19 Aug 2020 | News Roundup

China is muscling into the Middle East oil business for geopolitical reasons. Which might not be a direct climate concern. And it could be argued that from an alarmist standpoint (climate not strategic) it’s better for China to burn oil than coal. But once again it’s odd that people who are so hypersensitive to the climate that they want to landlock and shut down the relatively small Canadian oil industry are so complacent about China, which doesn’t even have to worry about the market viability of its investments because they’re part of a giant lunge for world domination directed by a dictatorship and funded by squeezing its own people who have no say in how the communist regime operates.

China’s environmental record is pretty openly a disaster, on any metric from air pollution to carbon “pollution”. And as Bjorn Lomborg noted in False Alarm, “China is by far the world’s largest consumer of coal. In fact, in each year since 2011, China has burned more than half of all the coal used worldwide. India (12 percent) and the US (8.4 percent) were in distant second and third places in 2018.” But just as radicals during the Cold War devised elaborate theories about how “capitalism” was bad for the environment while ignoring all evidence of ecological devastation in the U.S.S.R., at least until Chernobyl blew the lid off the scale of the disaster, and even claimed how capitalism was bad for human rights while dismissing the Gulag, there is a weird tendency to ignore what’s happening in China, or what the Chinese government is doing abroad, in order to flagellate ourselves.
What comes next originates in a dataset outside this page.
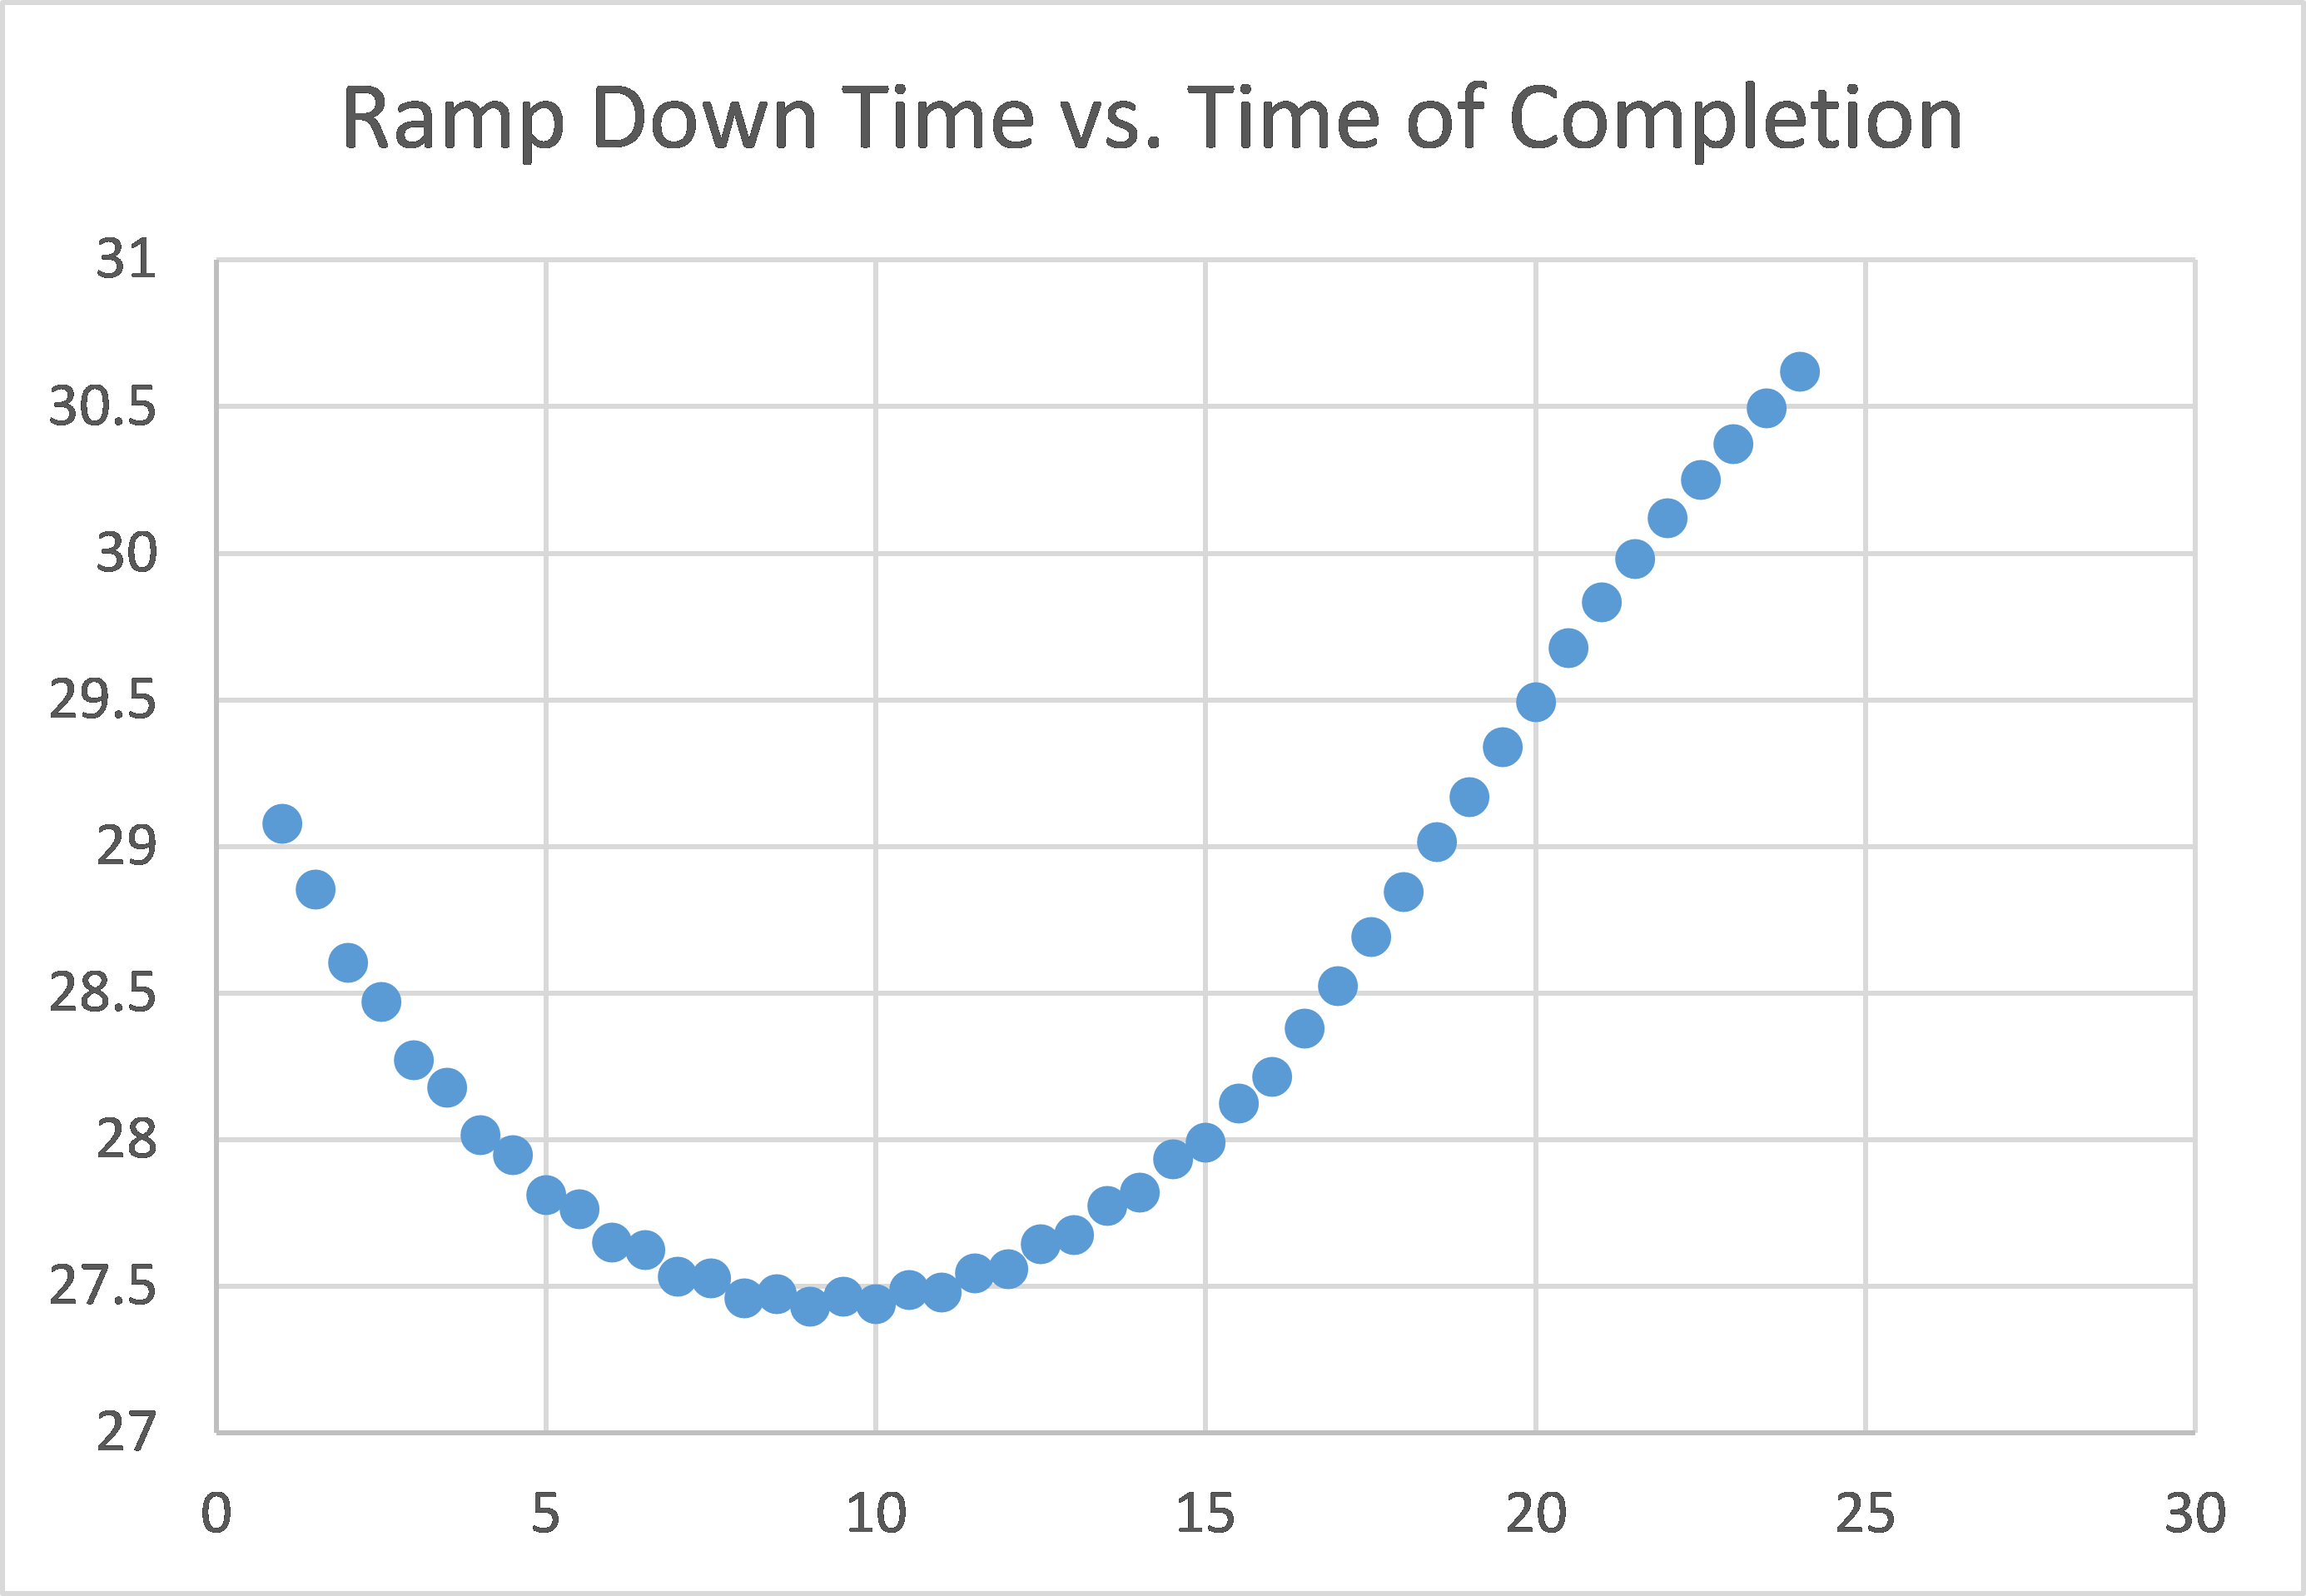 Graph showing the ramp down simulation results.

At CDN we are not of course arguing that an open society should not probe obsessively into its own failings. On the contrary, it should discuss and debate everything vigorously (yes, everything, not just PC complaints) and trust to the “Dracula effect” that sunlight destroys evil. But in doing so, it must be willing to pull down the information curtains around closed societies as well and see whether their pretensions crumble to smelly dust.
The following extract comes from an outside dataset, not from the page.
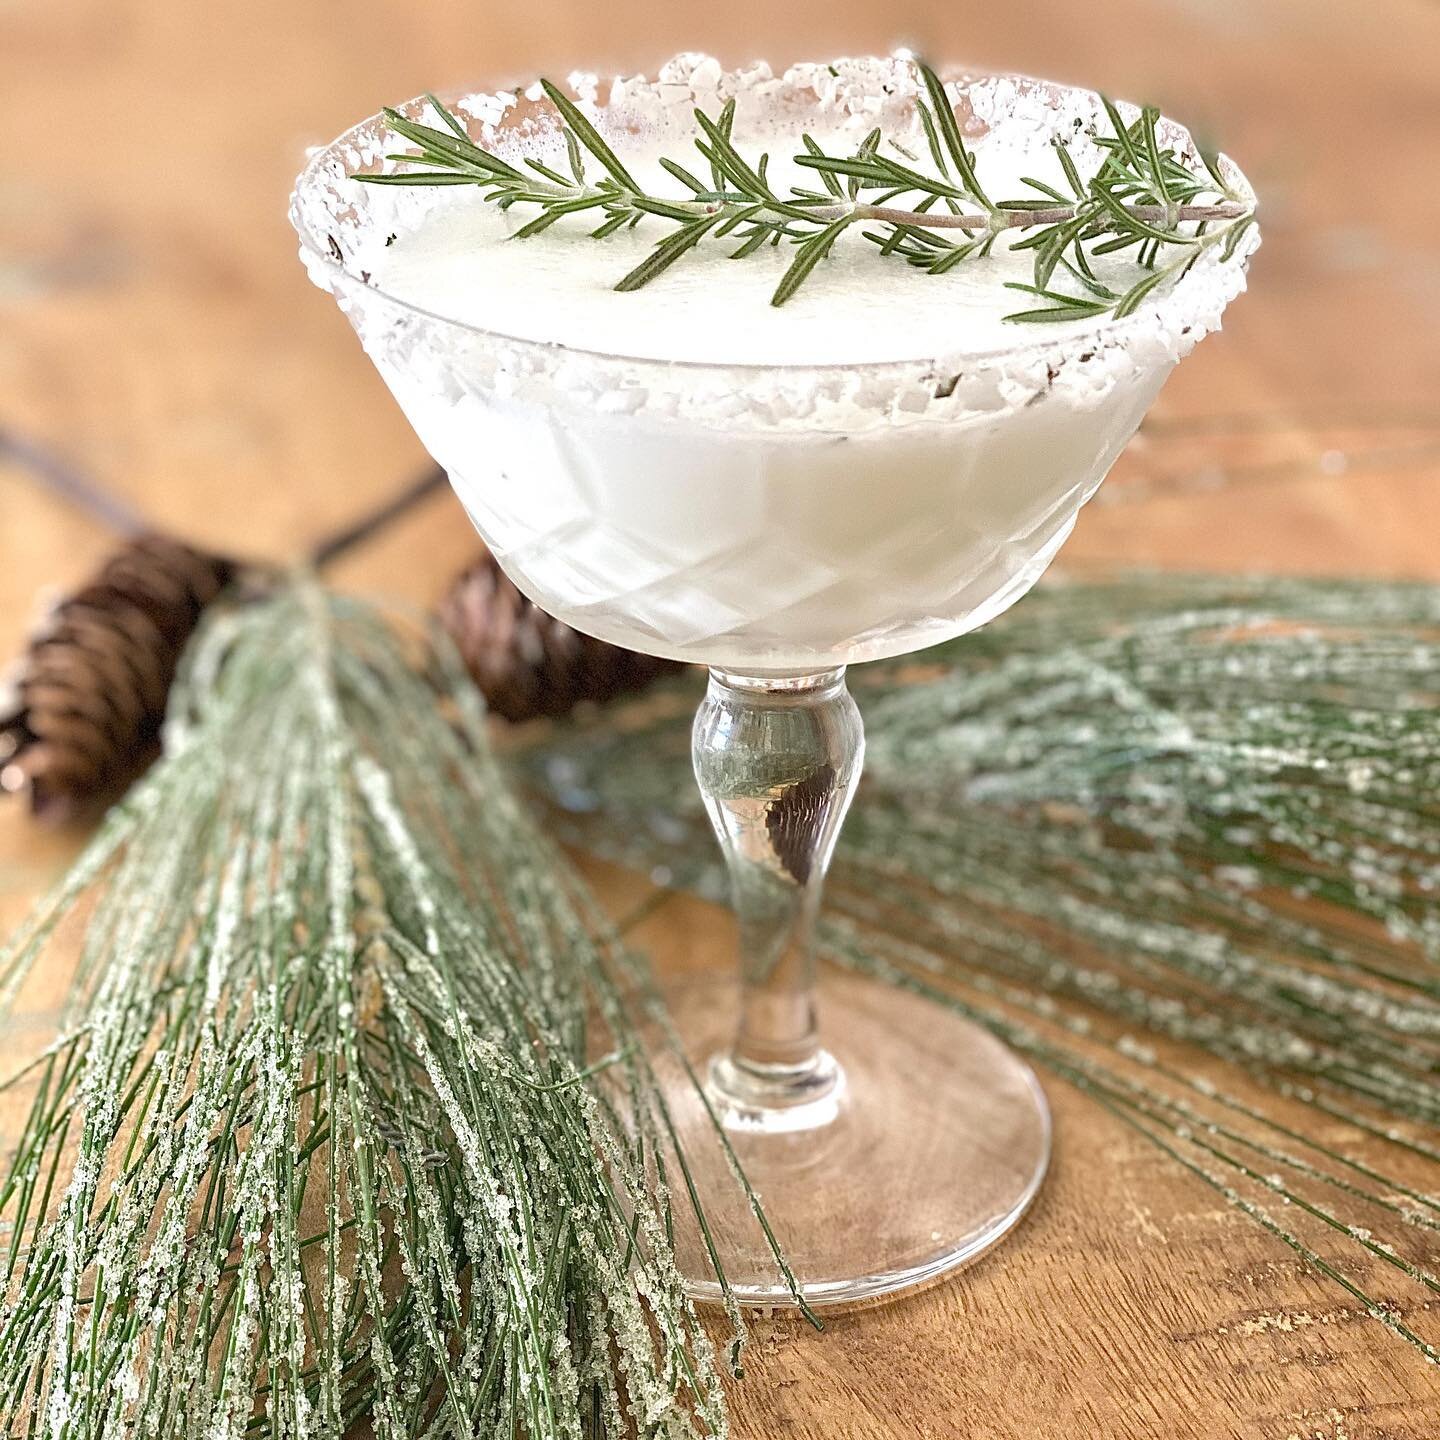 Snowy Pines Cocktail &bull; I&rsquo;ve full-on switched to Christmas mode. I guess the entire month of November was long enough to mourn Halloween - haha! This is the perfect cocktail to sip fireside throughout the month of December. The rosemary sim

We all have an interest in doing so in the interest of our society as a whole. And environmentalists have a narrower interest, we would suggest. If they ignore foreign tyrannies doing all the things they claim to hate, including geopolitical bullying to secure and use more fossil fuels, while condemning friendly and well-meaning jurisdictions for not being perfect, they put their own credibility severely at risk. And even when we think they’re wrong, we don’t want them to be stupid. We want a good debate, with intelligence and integrity on both sides.
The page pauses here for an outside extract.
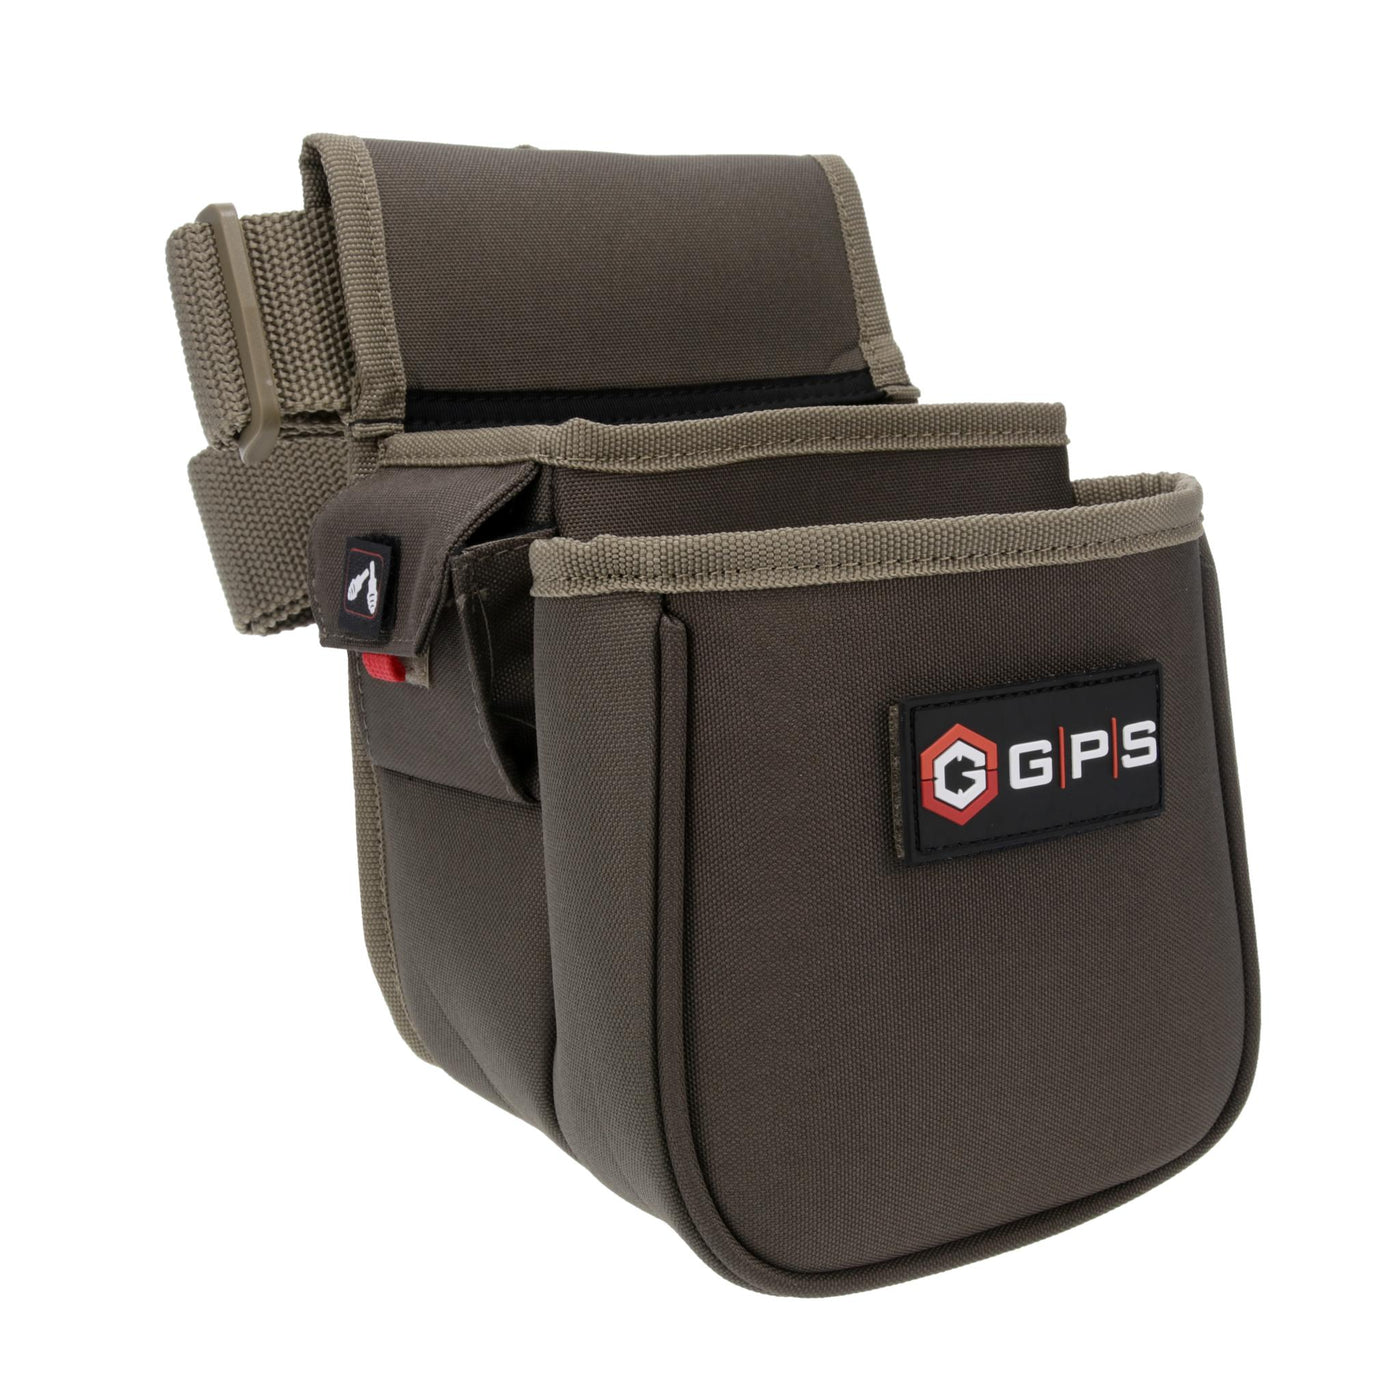 GPS Contoured Double Shotshell Pouches & Web Belt-Hunting/Outdoors-Green/Khaki-Kevin's Fine Outdoor Gear & Apparel

Ignoring China doesn’t get it done.

4 comments on “The Middle East is Red”

  1. stick to the climate discussion as your geopolitical analysis from pompeo's playbook puts your own credibility severely at risk. asian "foreign tyrannies" bullying for "world domination" against "friendly and well-meaning" western imperialists. what simplistic drivel. the threat to humanity of nuclear war is far greater than that of "climate change", yet you obediently pound pompeo's china-bashing war drums. you show neither the geopolitical intelligence nor integrity necessary for a good debate. i am unsubscribed and no longer recommend your organization to others, rather do i warn against you.

  2. dennis - If you want to disagree, state your case; give counter-evidence. If all you have is politically driven invective, good riddance. Please let the door hit you on the way out.

  3. Oh dear, wrong side of bed comes to mind and the use of capital letters seems to be a weak point, along with his inability to put his case across in a calm and logical manner.
    Personally I believe the "tit for tat" policy of having nuclear weapons on both sides will and does eliminate the threat to humanity.

  4. There has been no world wars since WW2 since, arguably, the proliferation of nuclear weapons - the deterrent of being wiped out if too aggresive seems to have dampened global ambitions. Mr. Dennis' simplistic argument, without addressing all of the points in the article, appears (at least to me) as a willful (or un-willful) blindness to the current existential threat demonstrated by the Chinese Communist Party.
    Sorry to see you go Mr. Dennis. I hope that the swinging door does not hit you too severely on the way out - and gone!